Using presence for large groups of users

Presence-for-large-groups-3.jpg

Pusher provides many powerful features that can build working presence implementations for large scale use cases, covering hundreds to millions of users.

Introduction

One of our features that many customers get a lot of value from is our presence implementation. This provides a constantly updating state of who is “present” in the channels in your application. In practice the feature provides a list of the Channel occupants when a user subscribes and then sends messages to all occupants of a channel when someone joins or leaves.

This works extremely well for smallish groups where the names of the participants are broadly known to the occupants (maybe sub 100 people). For large-scale use-cases (100-1,000,000), that specific implementation is less effective.

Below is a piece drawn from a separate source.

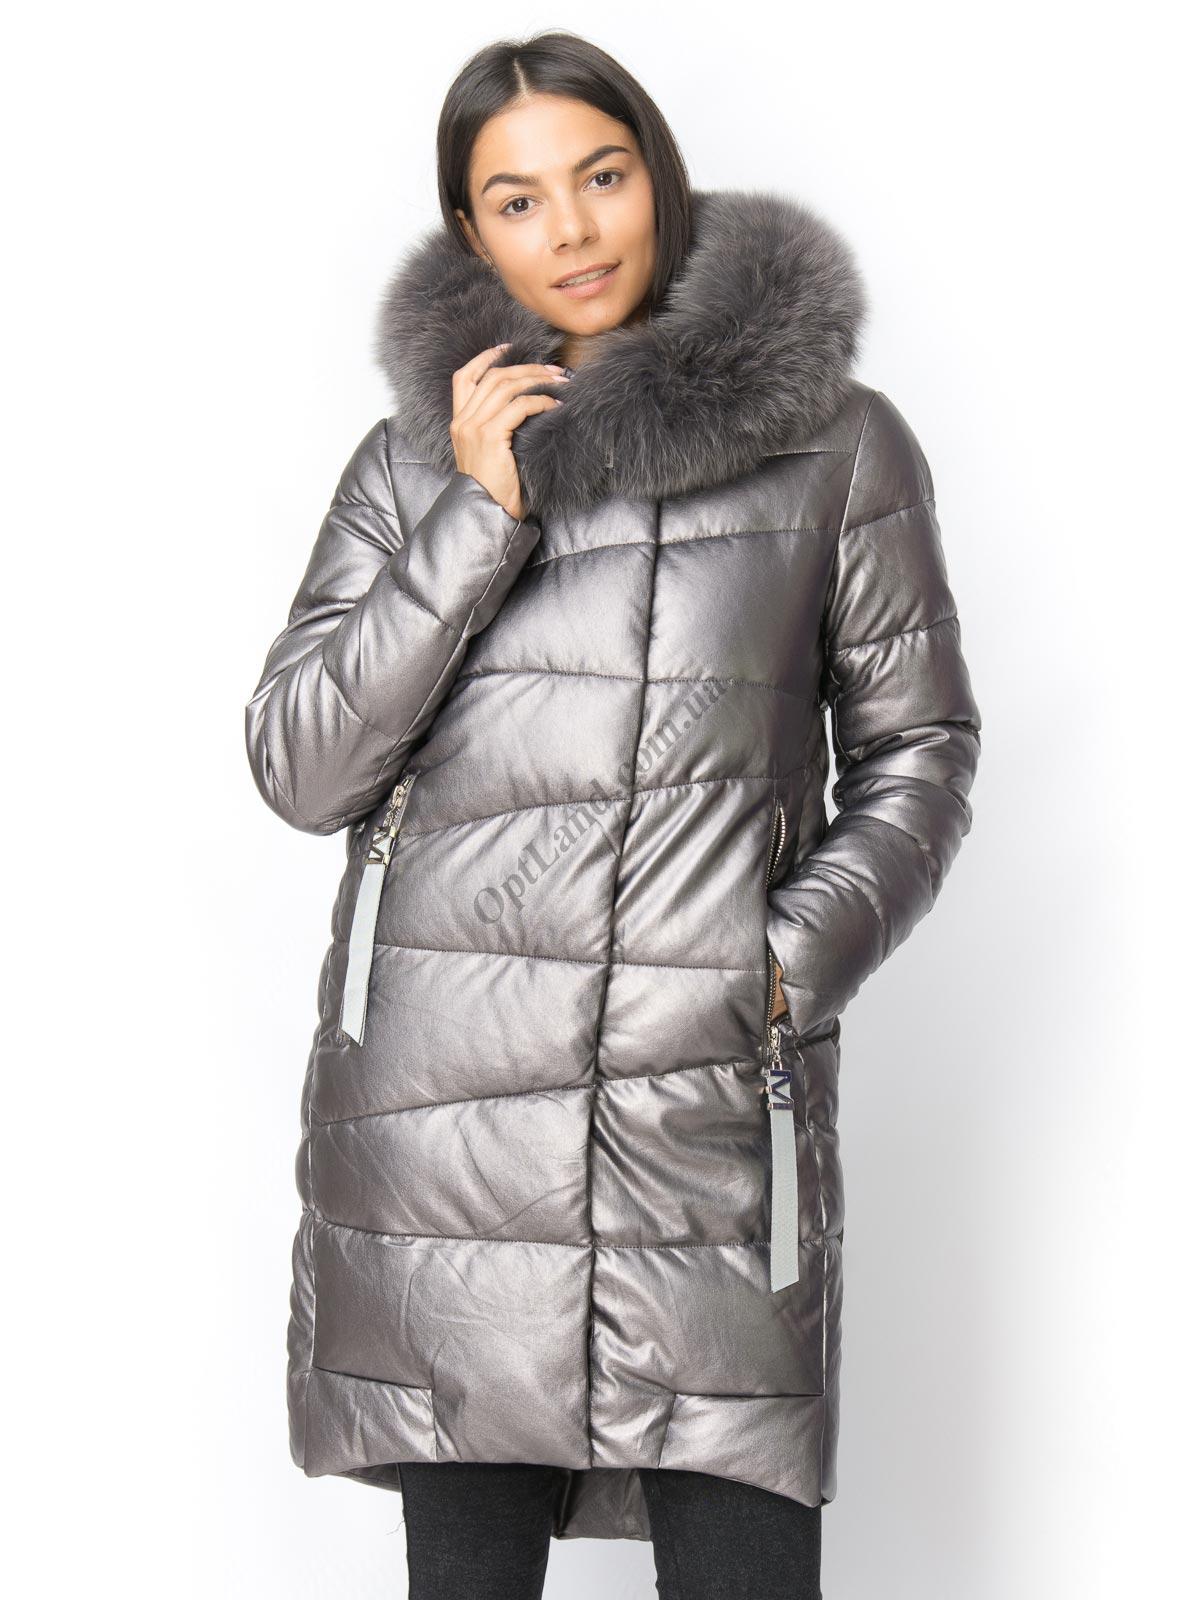 Зимняя куртка Lims 18-207 из экокожи
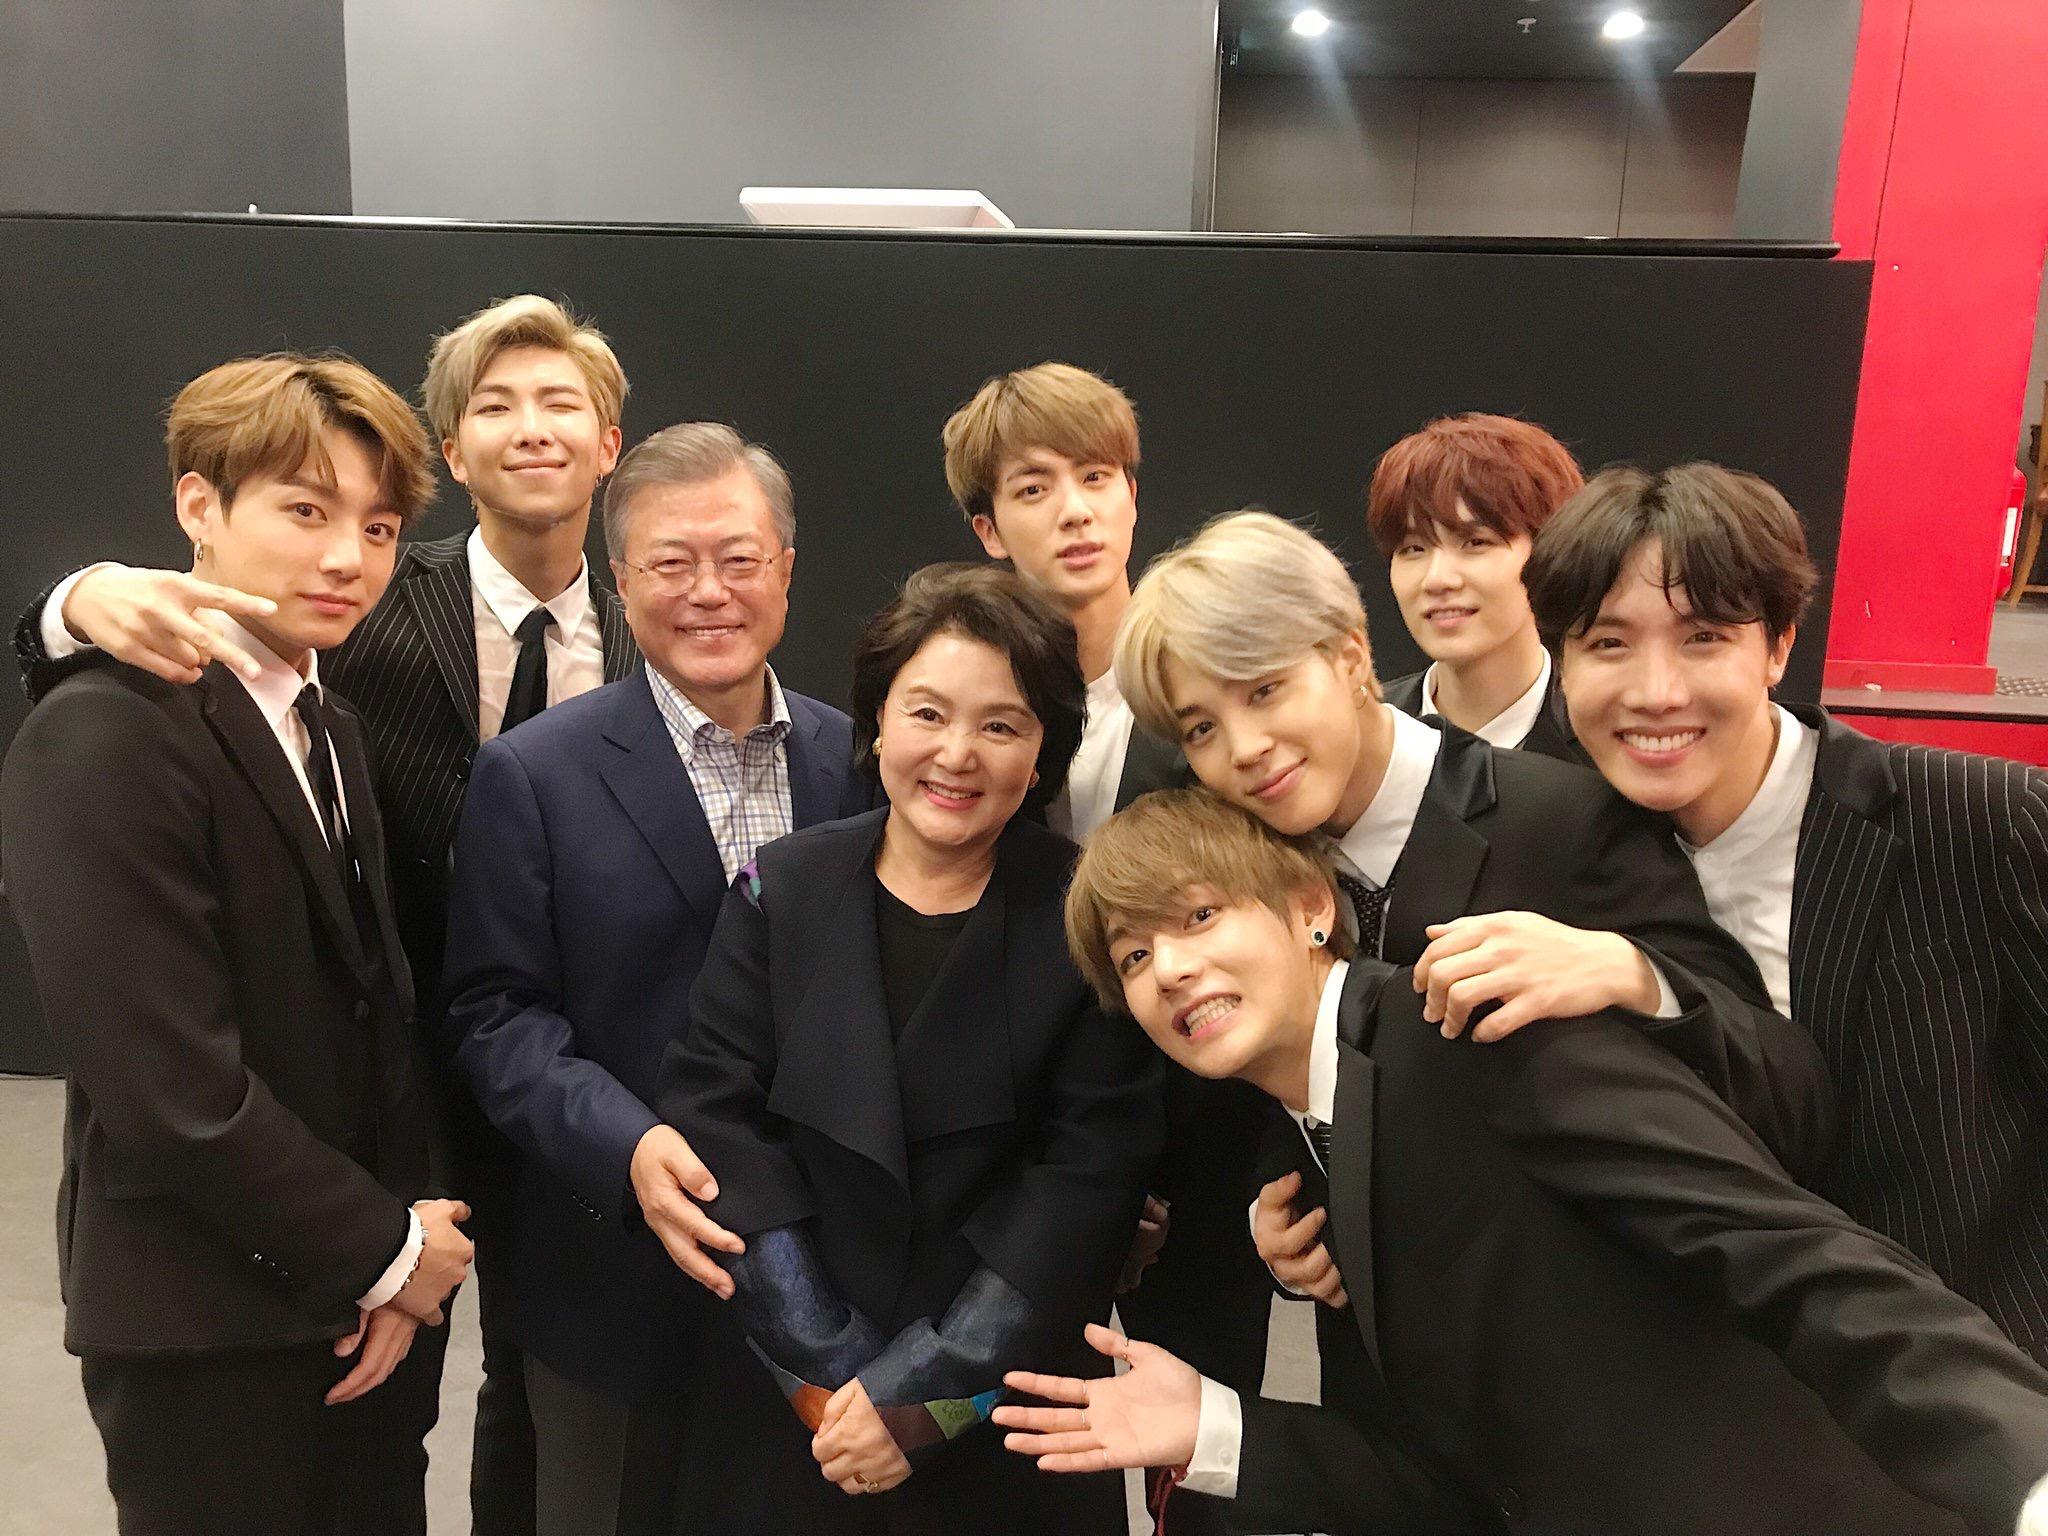 BTS] ร่วมแสดงใน Korea-France Friendship Concert ต่อหน้าประธานาธิบดีมุนแจอินแห่งเกาหลีไต้ และบุคคลสำคัญ - Pantip

Fundamentally, this is because the number of messages distributed grows quadratically with the number of people present in the channel.

This is problematic because:

  • It quickly burns through your message allowance
  • The number of messages arriving cause a performance problem for clients

Aside from the resource issues, sending that kind of volume of state changes isn’t even useful to the end customer from a user experience point of view. As the scale of participation increases, the complexity and detail of the information must be simplified. This requires some custom logic depending on the use case. For example, you may just want to periodically show how many people are participating, or even try to pick out the user’s friends from the crowd.

The vanilla presence channels don’t work well for scale, and we limit the number of participants in a room. However, we provide many other powerful features that can build presence implementations for larger groups.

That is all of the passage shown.